See feature request 1.
* Titular Kingdoms don't contribute towards when the decision appears.
This may either be a bug or a feature, but I don't have the choice.
See feature request 1.
* Making a High Kingdom for a Duke vassal grants the de-jure lands,
but in the process the Counts become directly your Vassal.
Feature Requests
================
1. Checking whether a title is active or changing the active status of
a title requires it to be explicitly named.
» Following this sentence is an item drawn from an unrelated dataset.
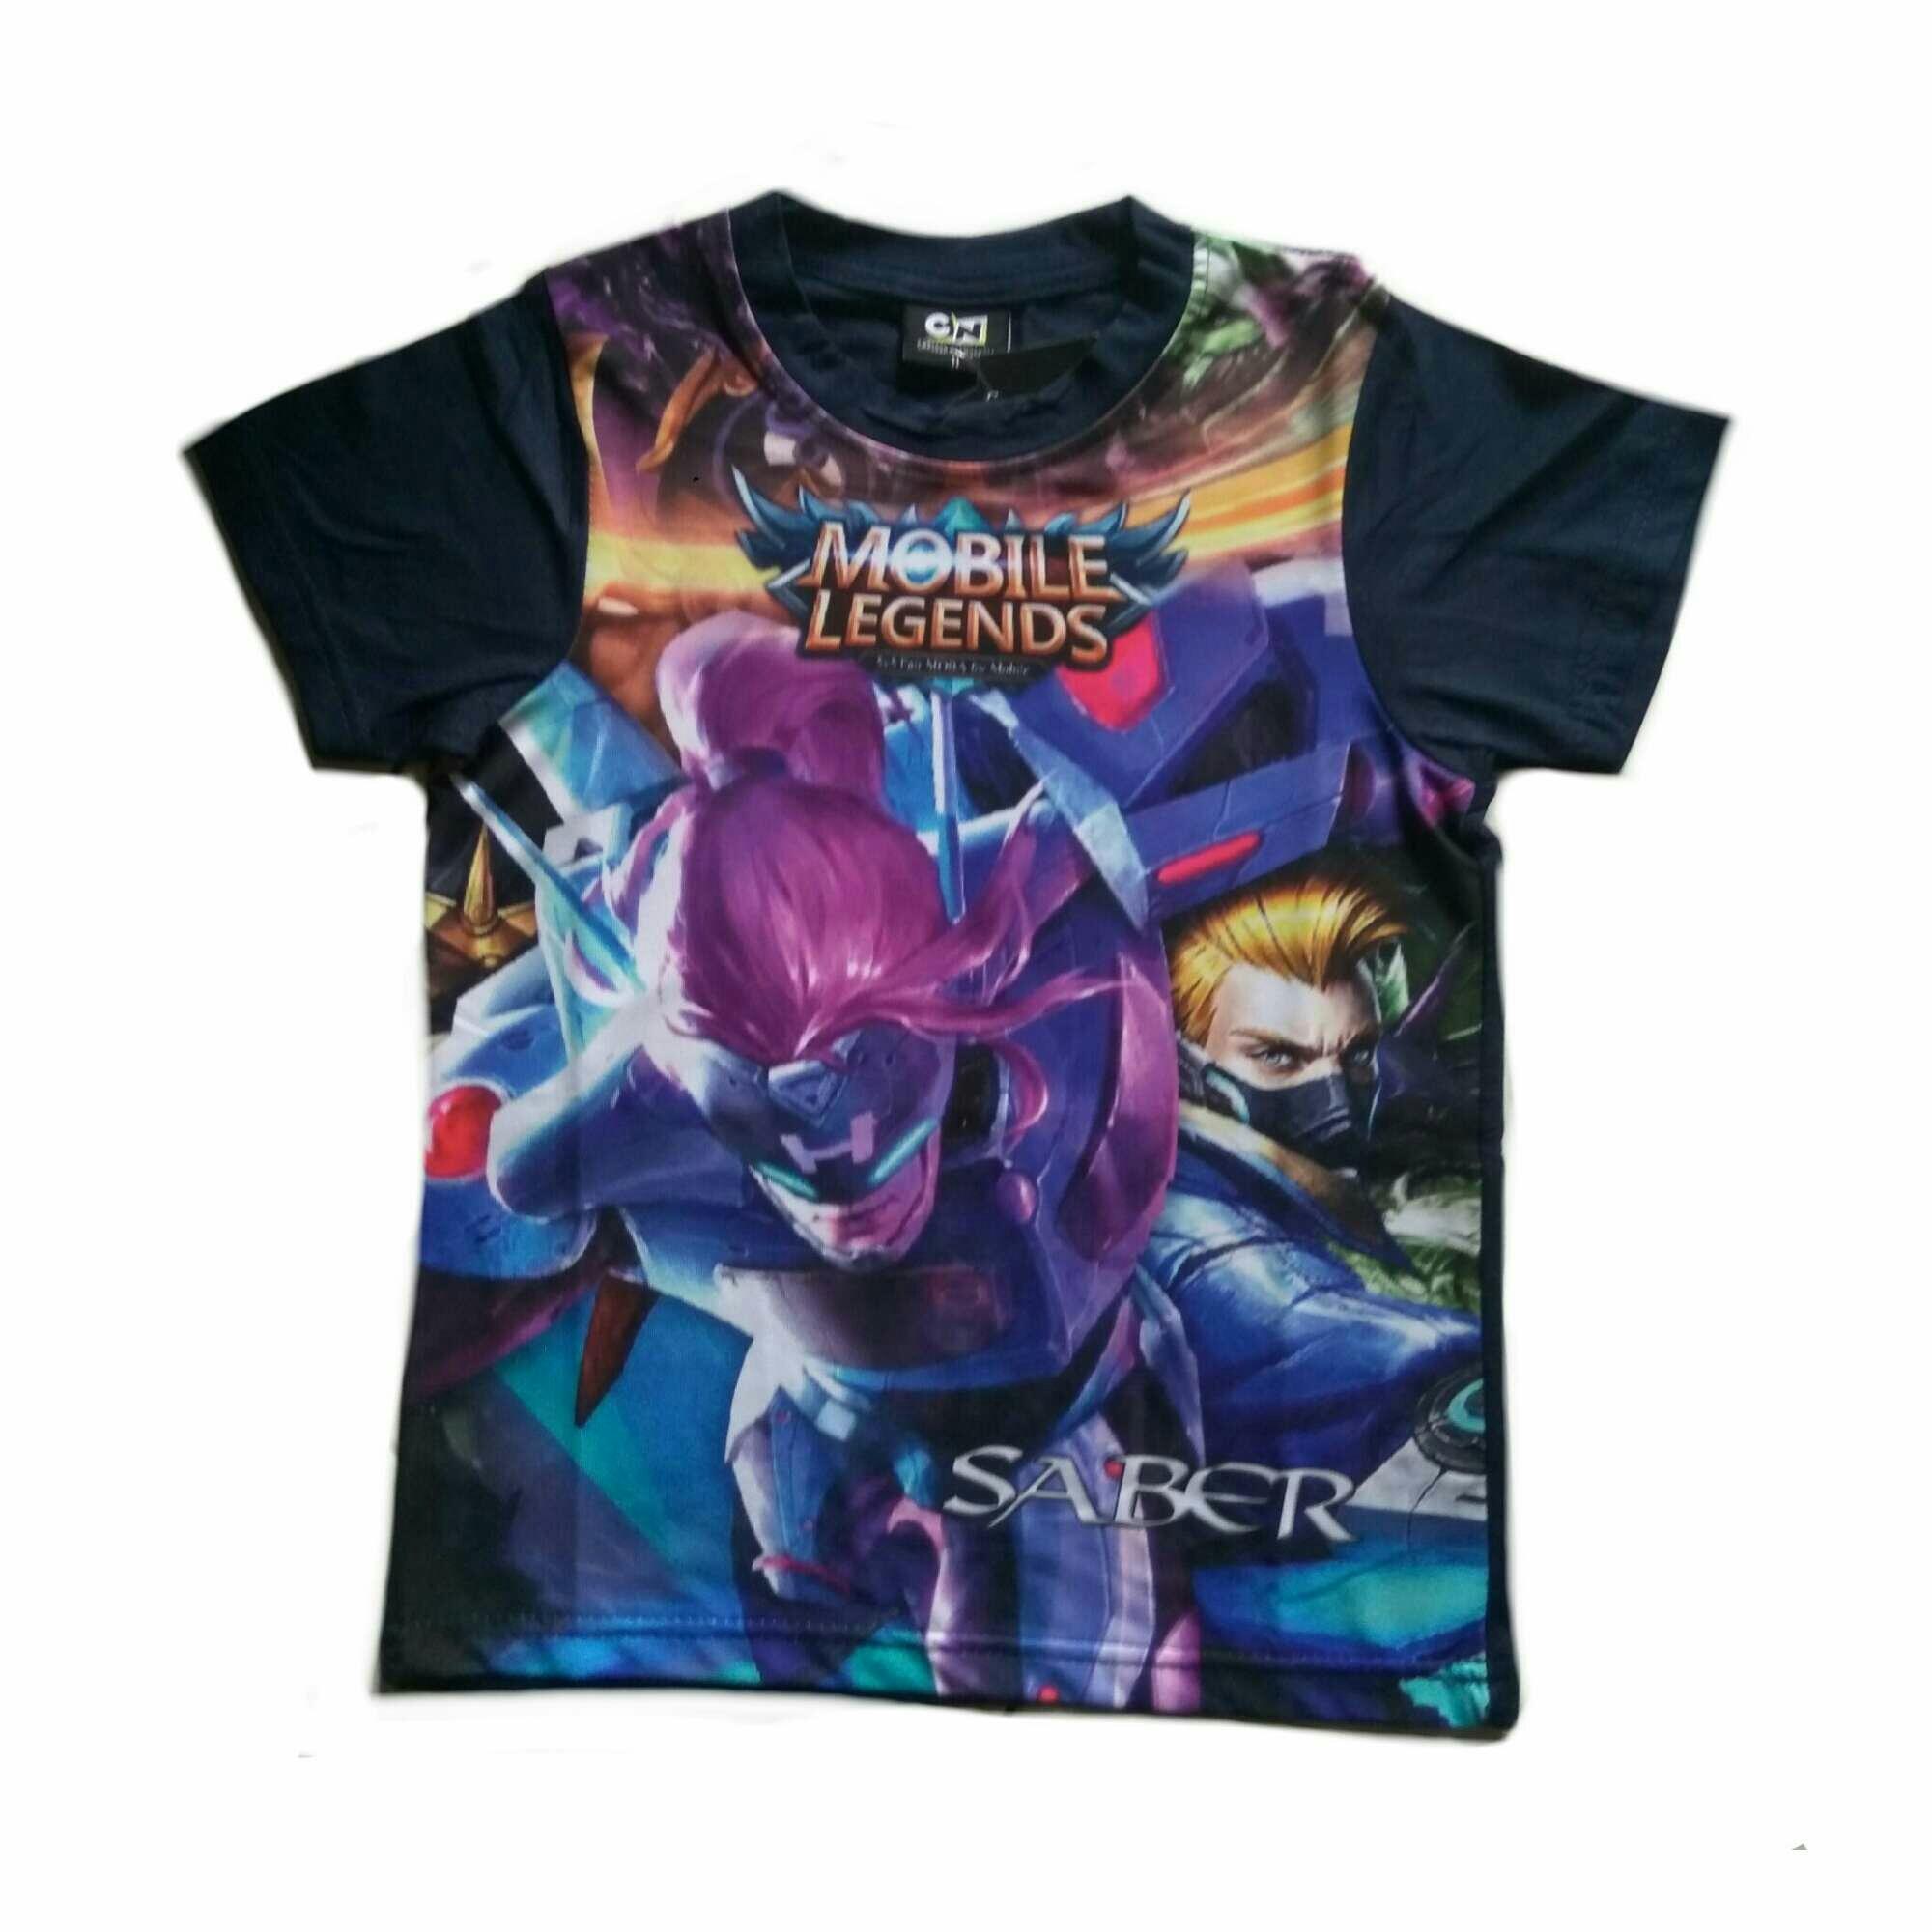 T-shirt / baju / kaos anak mobile legends atasan bahan spandex - saber hayabusa

This is sufficient for base-game, as the events are tied to specific
titles, but I need to be a lot more dynamic.
To be able to handle this, I need to be able to pass a reference like
`PREV` or `THIS` to `is_title_active` and `activate_title`.
2. Allow the `empire` scope to be used on empire tier titles.
I need two different decisions to handle making High Kingdom titles
when I'm an Emperor or a King. If I could get an empire scope from
an empire then the same logic would fall through.
3. Allow drop-in directories for triggered_modifiers.txt
I need a flag for eligibility for High Kingship, but it's annoying to
have to trigger an event to add the flag and an event to remove it,
and define the flag itself, so it would be convienient to be able
to put all 3 in the same definition.